アロイスの言葉に、リオネルはまた自身の知らないレジーナの一面を知った気がした。だからどうということは無いのだが、なぜだかそれがリオネルを落ち着かない気分にさせる。

レジーナがアロイスに親身になったことと、レジーナがエリカを害したことは別の話。彼女の行いが正当化されるわけではない。だが――

胸の内に晴れない思いを抱くリオネルの耳に、シリルの信じられない言葉が届いた。

「ひょっとして、レジーナ様、読心が使えるのかもね?」

「なっ!?」

「……あり得るのか?そんなことが?」

シリルの言葉に皆が驚きを示す中、リオネルの背筋を冷たいものが走る。全身を強張らせたリオネルの前で、シリルが軽く肩をすくめて見せた。

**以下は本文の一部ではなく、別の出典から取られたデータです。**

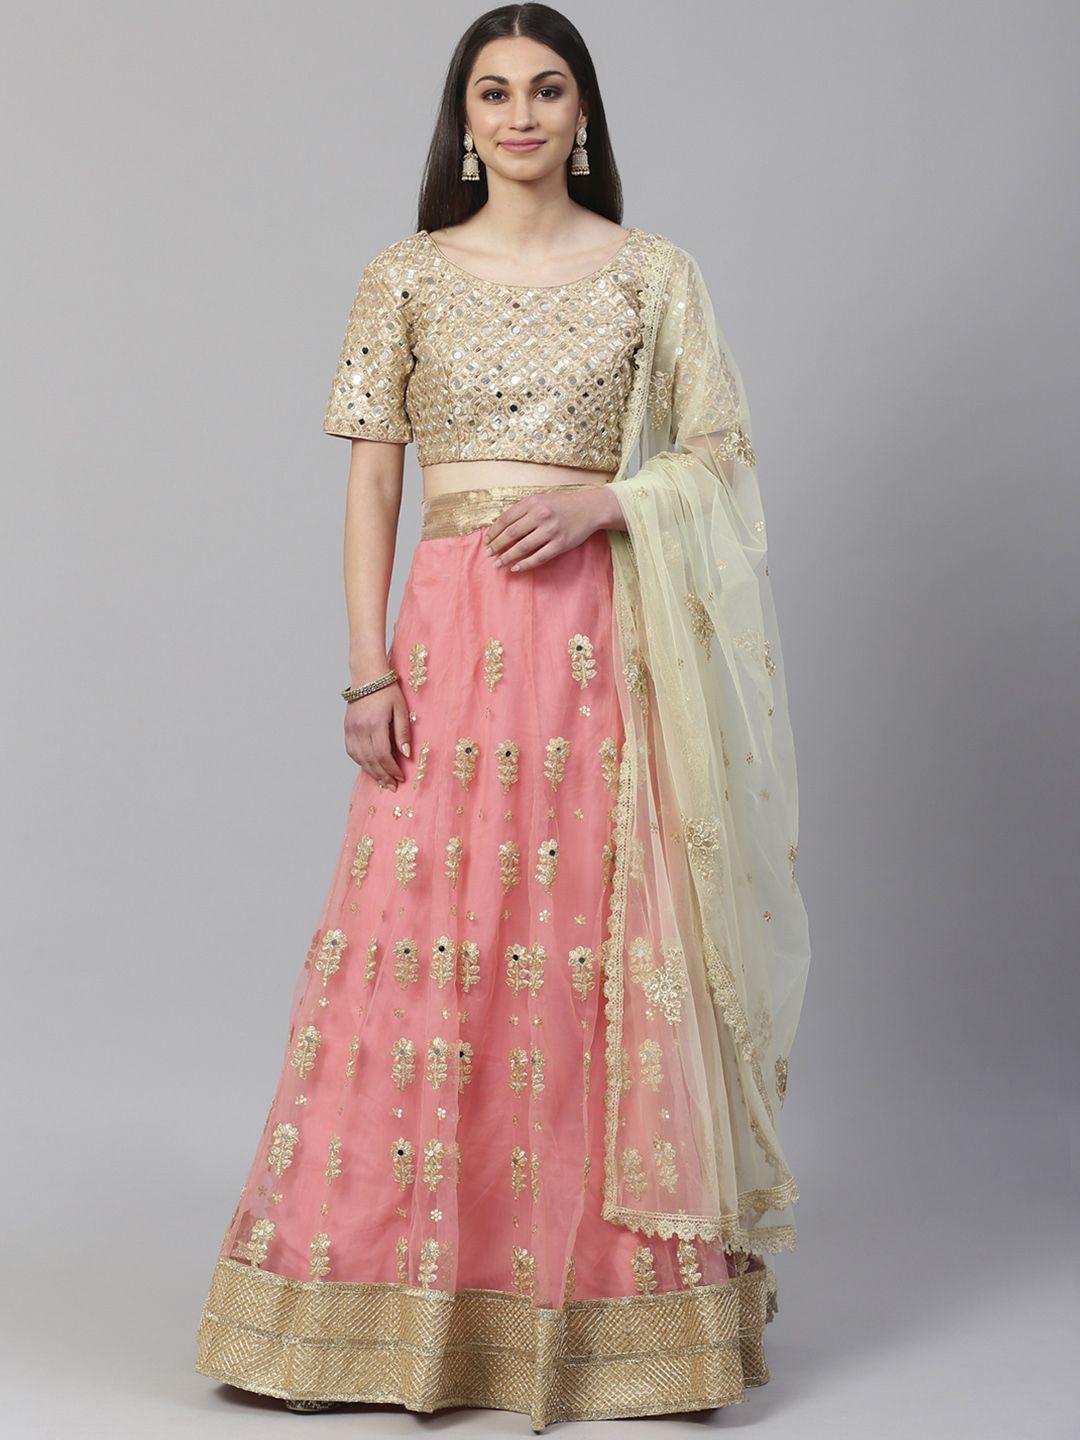 Readiprint Fashions Peach-Coloured & Beige Embroidered Semi-Stitched Lehenga & Unstitched Blouse with Dupatta

「あり得るっていうか、そう考えると一応、辻褄は合うかな?アロイスの話もそうだけどさ、さっき、レジーナ様が治癒魔法を使うとき、変に魔力制御がぶれてたでしょう?あれって他の魔法が発動しちゃってたせいなんだよね」

そう説明するシリル曰く、干渉していた魔法の正体は不明なものの、その際にアロイスの身体から戻って来るレジーナの微弱な魔力を感知したのだという。

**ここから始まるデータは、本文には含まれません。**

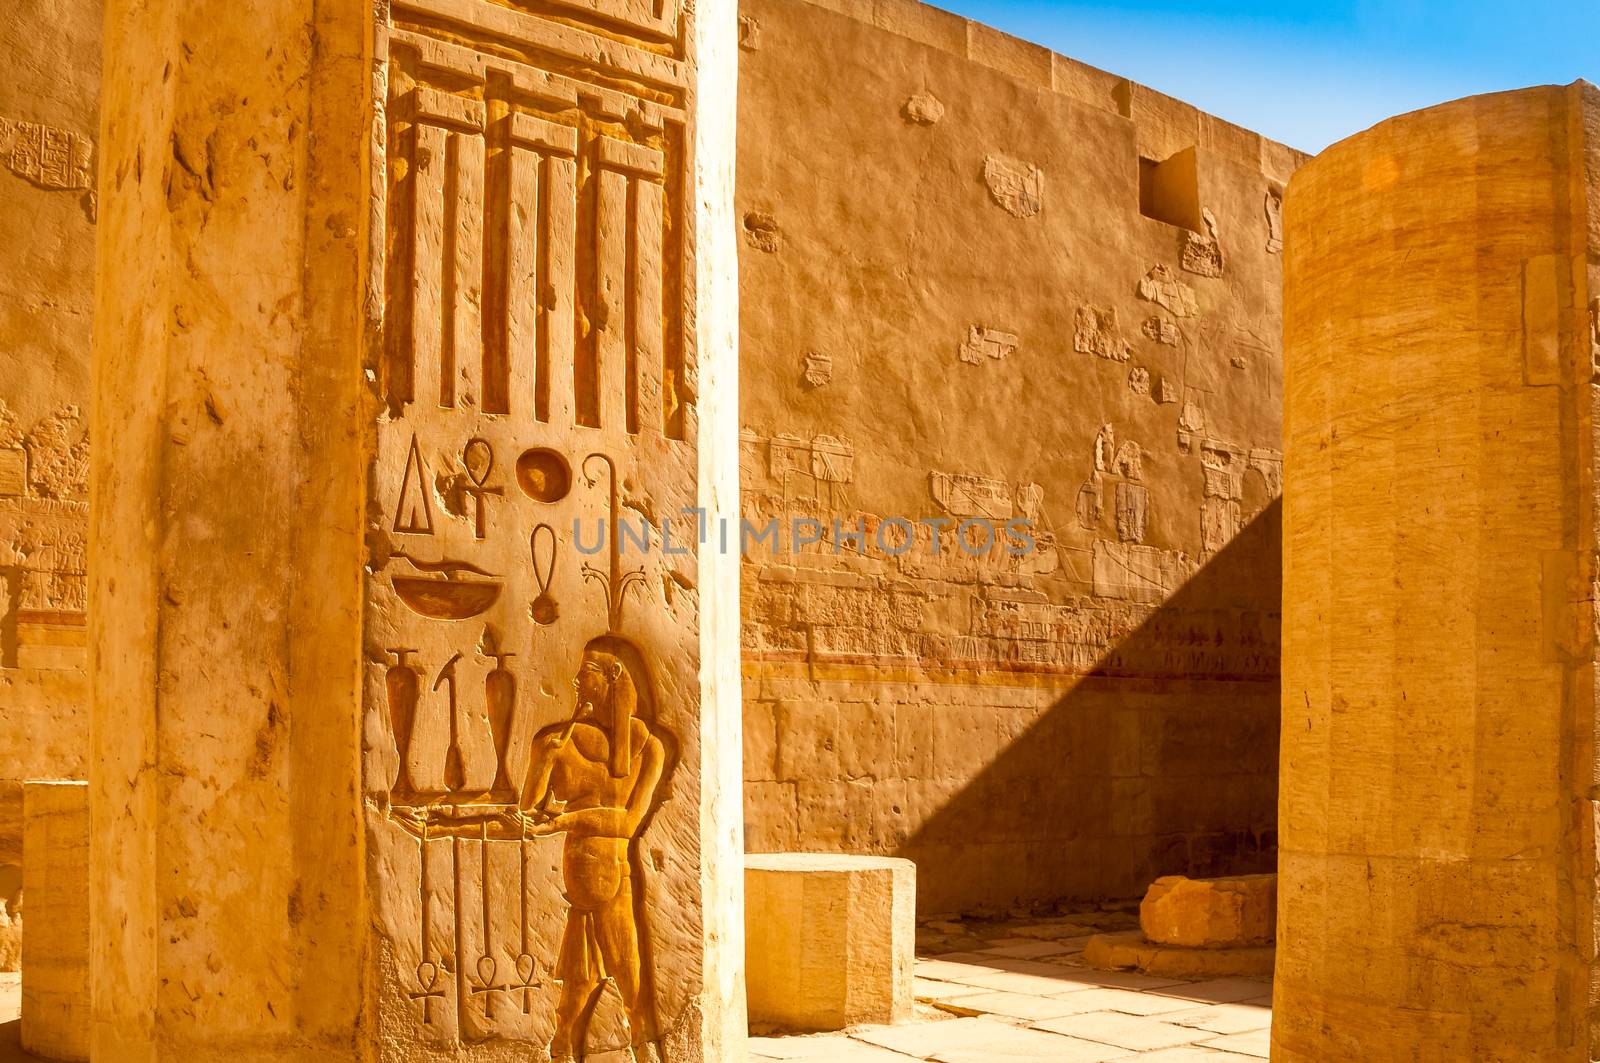 Detail of ancient hieroglyphs carved in stone walls, Queen Hatshepsut temple, Egypt

「本当、微弱過ぎて、最初は全然分からなかったくらいなんだけどね。あるのはあるし、何だろうなぁって思ってたんだ」

それが読心による魔力循環なのだとすると、辻褄が合う――

茫然とするリオネルに、フリッツが「しかし」と口を開いた。

「レジーナが読心を使えるようになったという報告は国には上がっていない」

言って、フリッツがリオネルを振り向いた。「お前は知っていたか?」という彼の問いに、リオネルは唖然と首を横に振って答えた。

(知らない。そんなことは聞いていない。あり得ない。だが……)

レジーナにはリオネルの知らないことが多すぎる。彼女がリオネルに嘘をついていた、謀っていたというのなら――

(一体、いつから……)

いつから、レジーナは読心が使えるようになったのか。少なくとも、婚約した当初の彼女に読心のスキルはなかった。彼女自身、家族の期待に応えられないことに苦しんでいたのをリオネルは知っている。

(だが、それさえも嘘、演技だったのなら……)

「……」

「……リオネル、大丈夫?顔が真っ青よ?」

エリカの不安そうな声に、だが、リオネルは何も答えることが出来なかった。レジーナが読心を使えるかもしれない。そのことに、リオネルは恐怖していた。今まで、彼女に触れられたことは何度もある。その時、自分は何を考え、何を思っていたか。

未知の恐怖に、リオネルの身体は縛られたように動かなくなった。